* Recorded data *
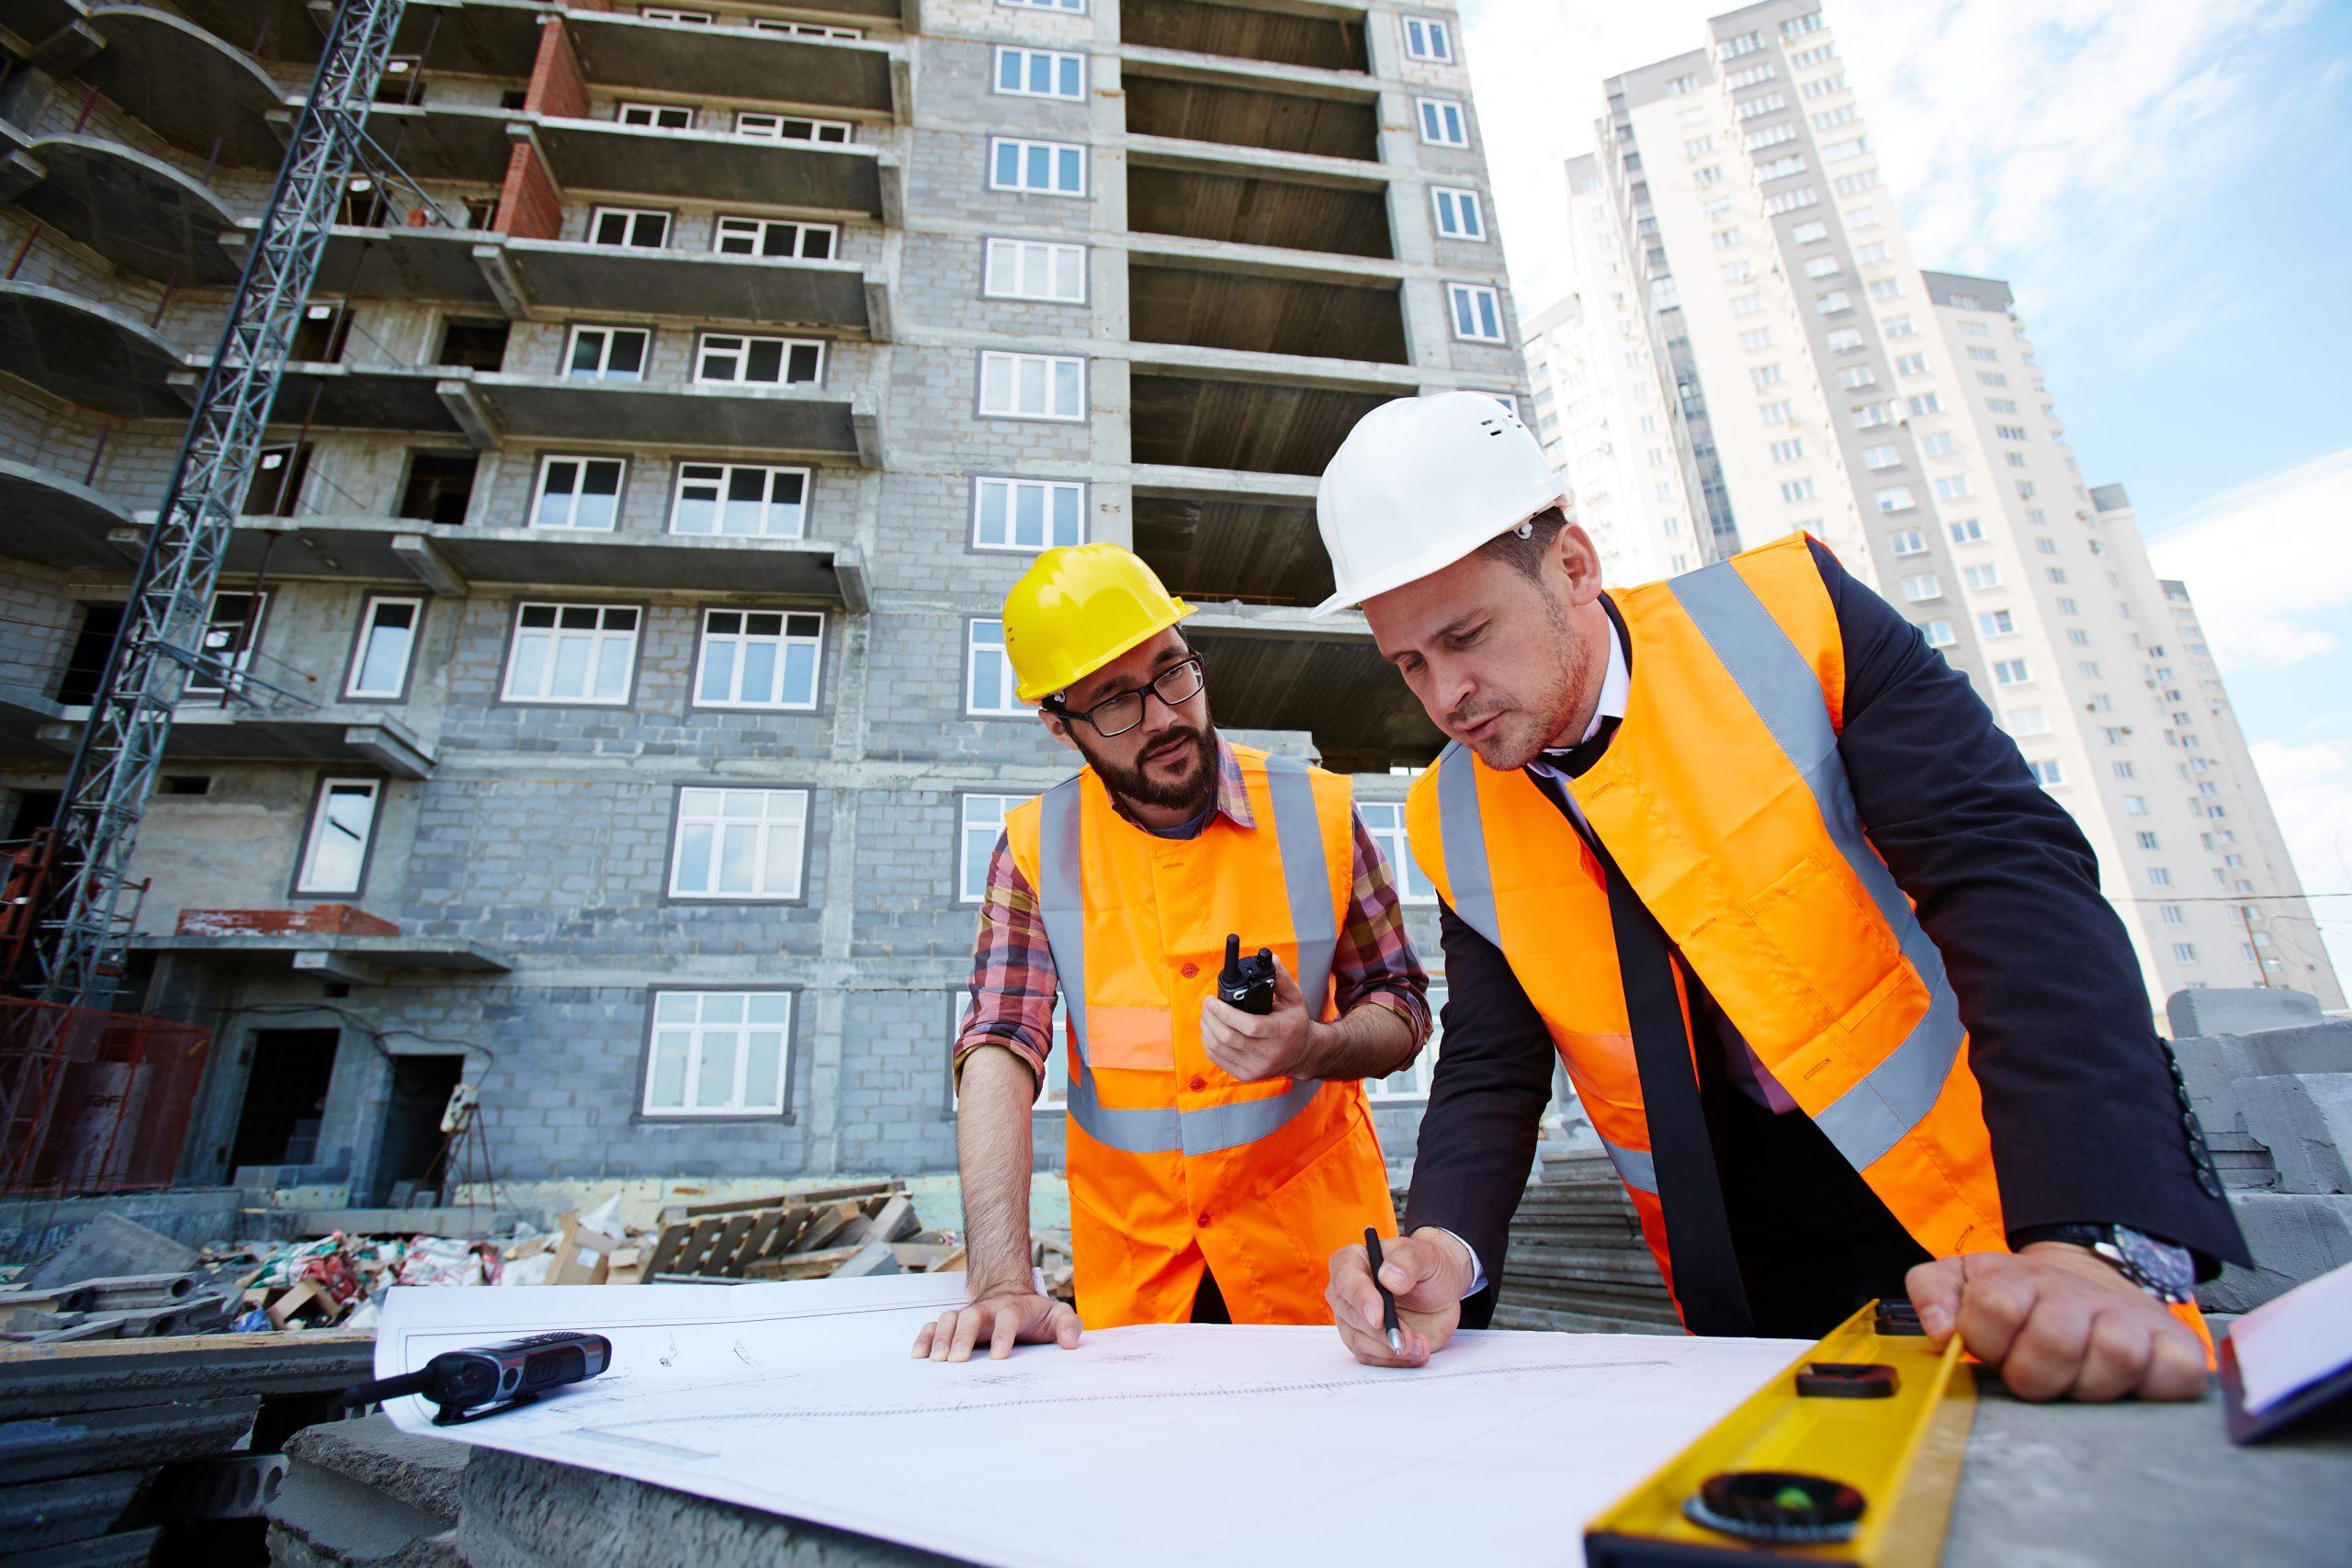 Volle Auftragsbücher und fehlende Rohstoffe: Vor allem die Bauindustrie steht vor großen Herausforderungen (Foto: pixabay/pressfoto)
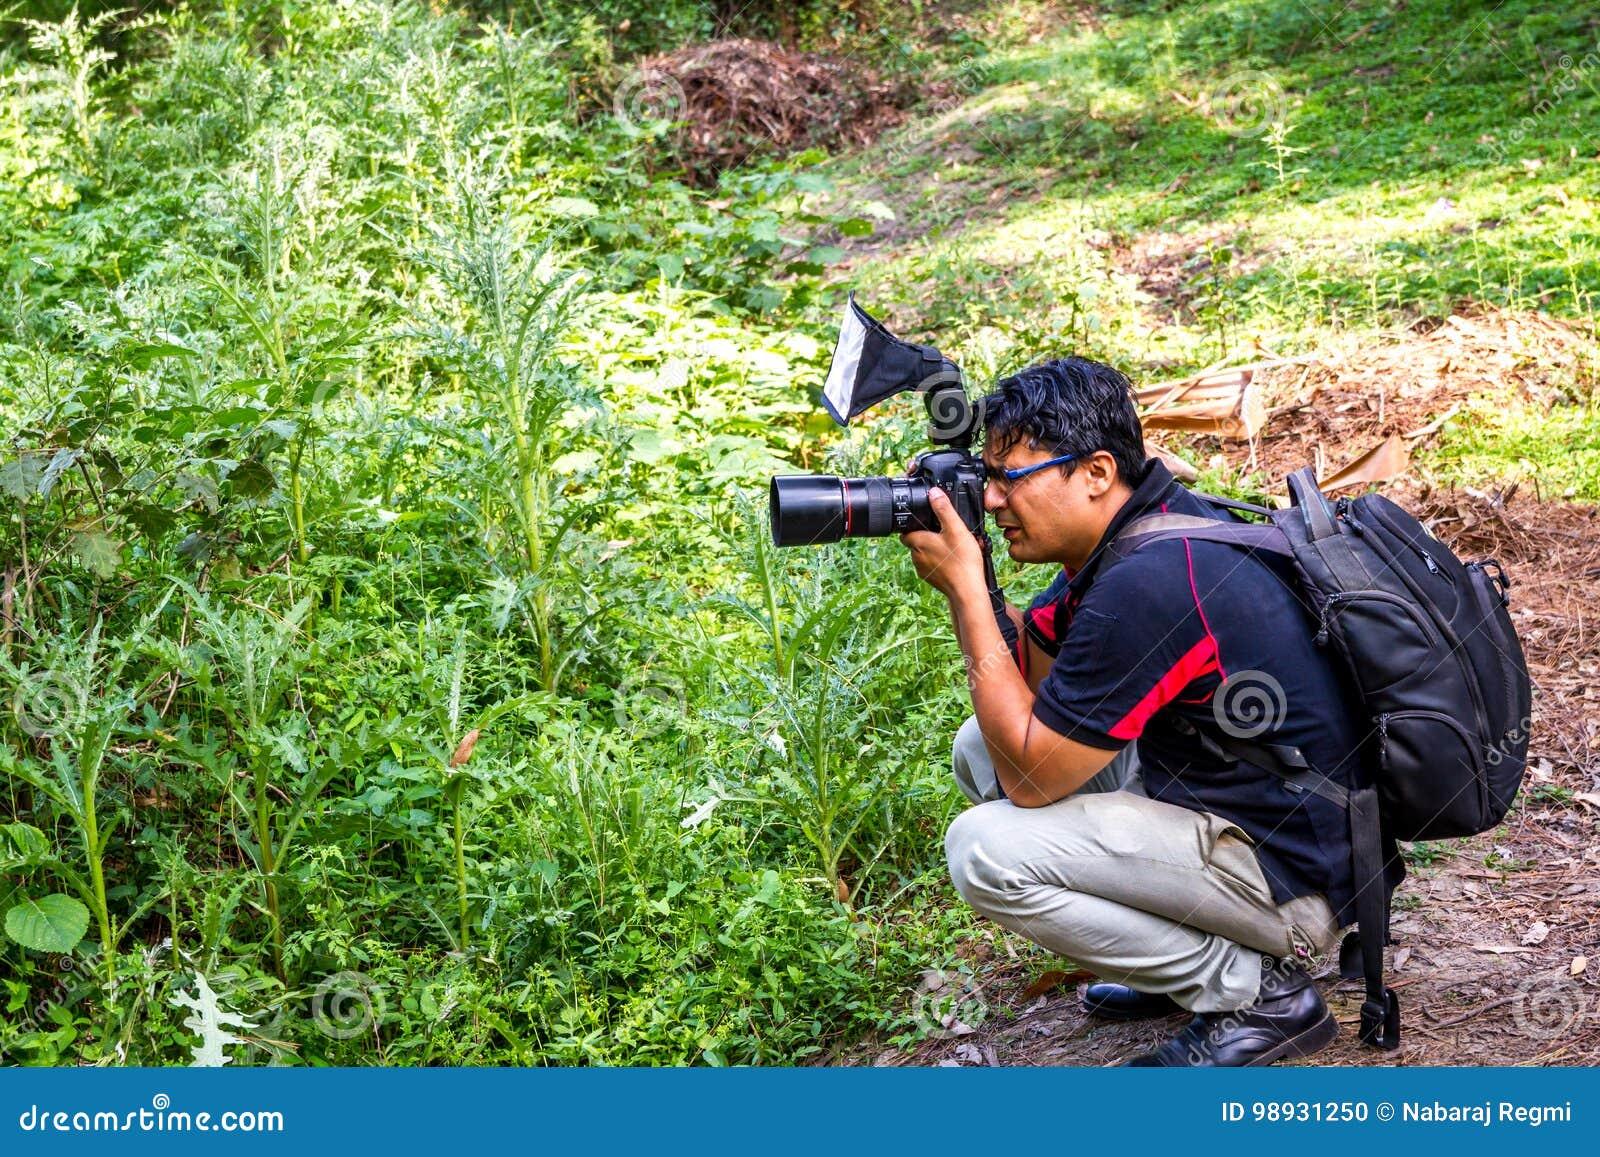 Photographe fou
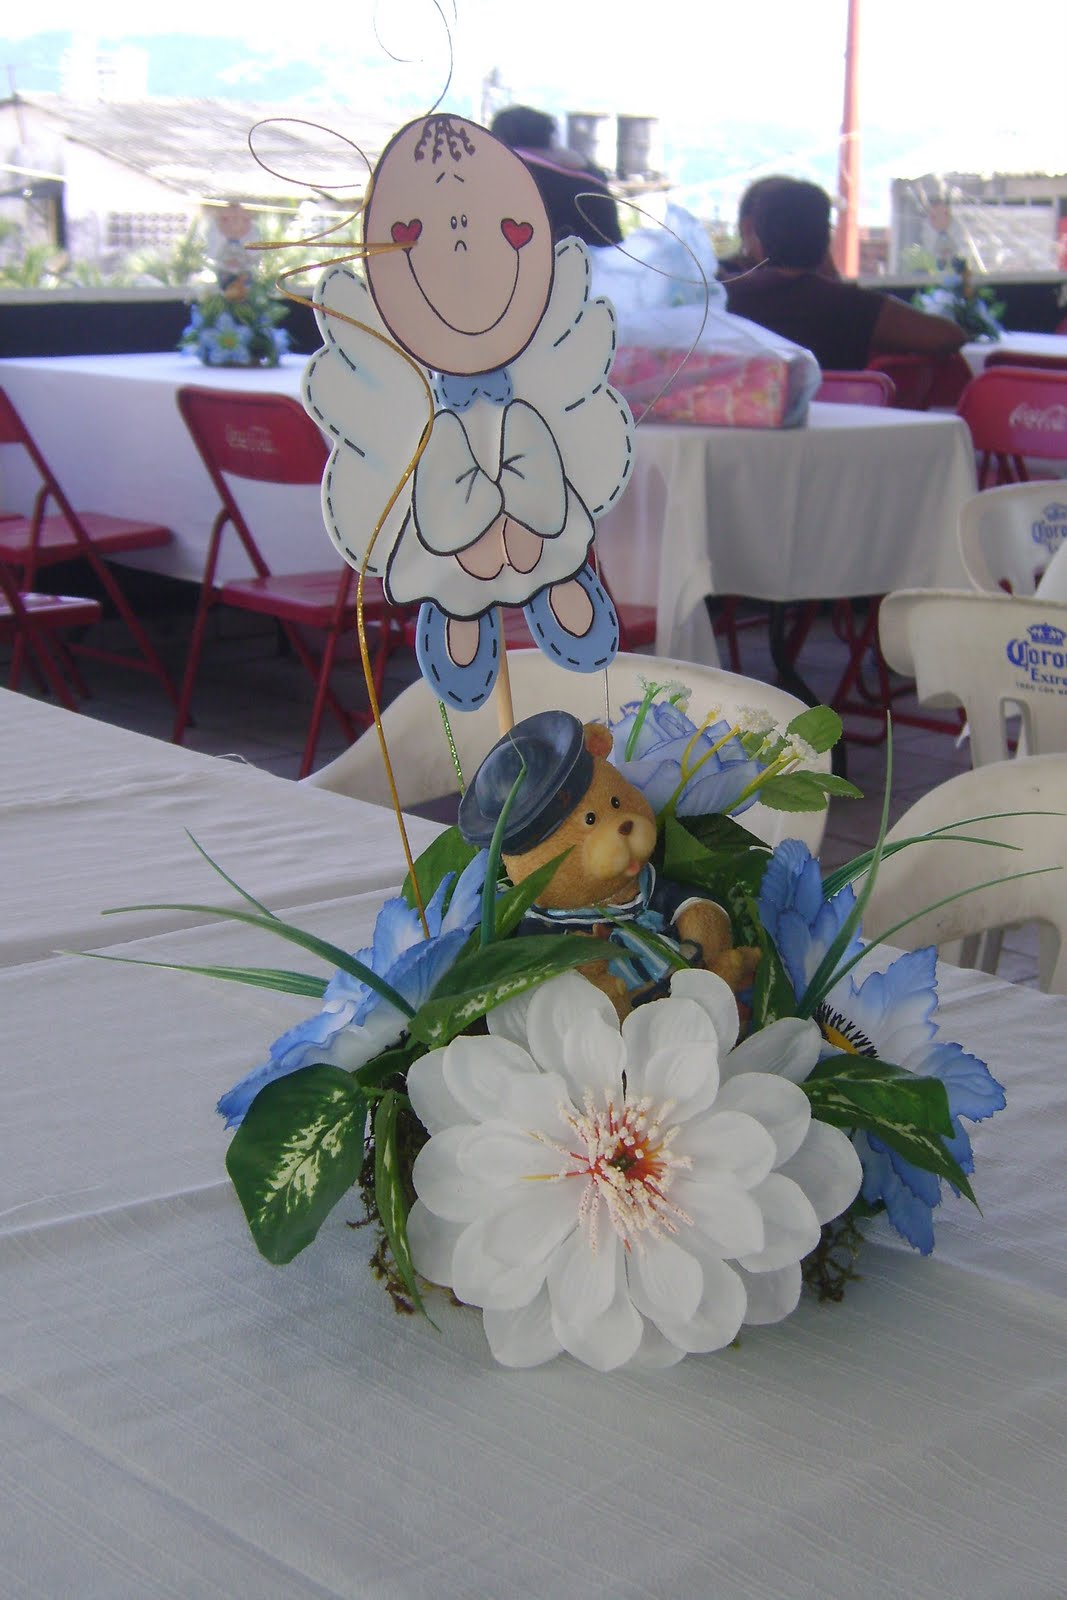 Bautizo Decoracion Manualidades ~ domingo, 15 de agosto de 2010
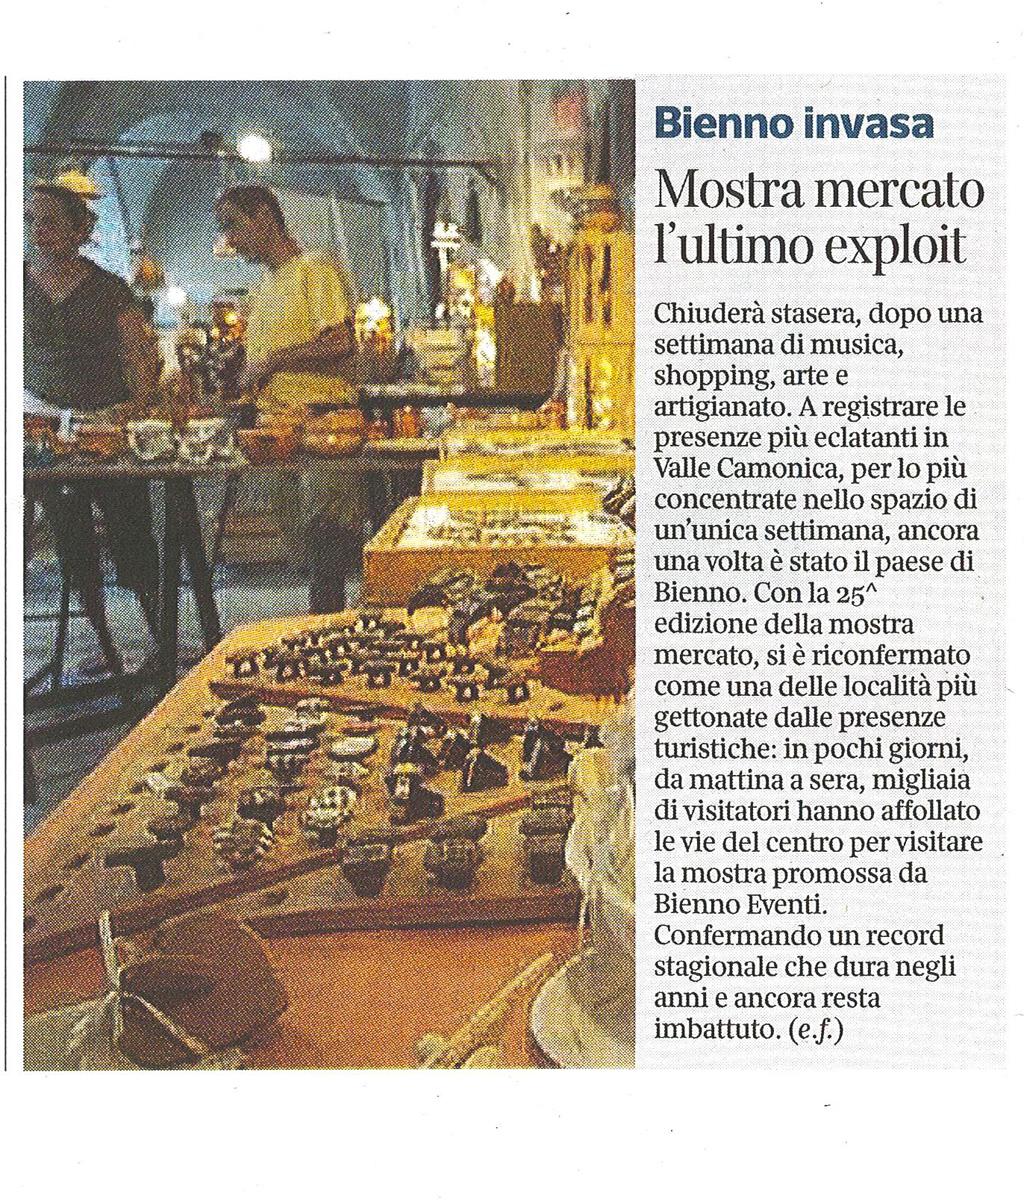 Corriere della sera - domenica 30 agosto 2015

* What you will do *
Everything in the preceding material must be transcribed exactly, except the images.

* Written reply *
 Volle Auftragsbücher und fehlende Rohstoffe: Vor allem die Bauindustrie steht vor großen Herausforderungen (Foto: pixabay/pressfoto)
 Photographe fou
 Bautizo Decoracion Manualidades ~ domingo, 15 de agosto de 2010
 Corriere della sera - domenica 30 agosto 2015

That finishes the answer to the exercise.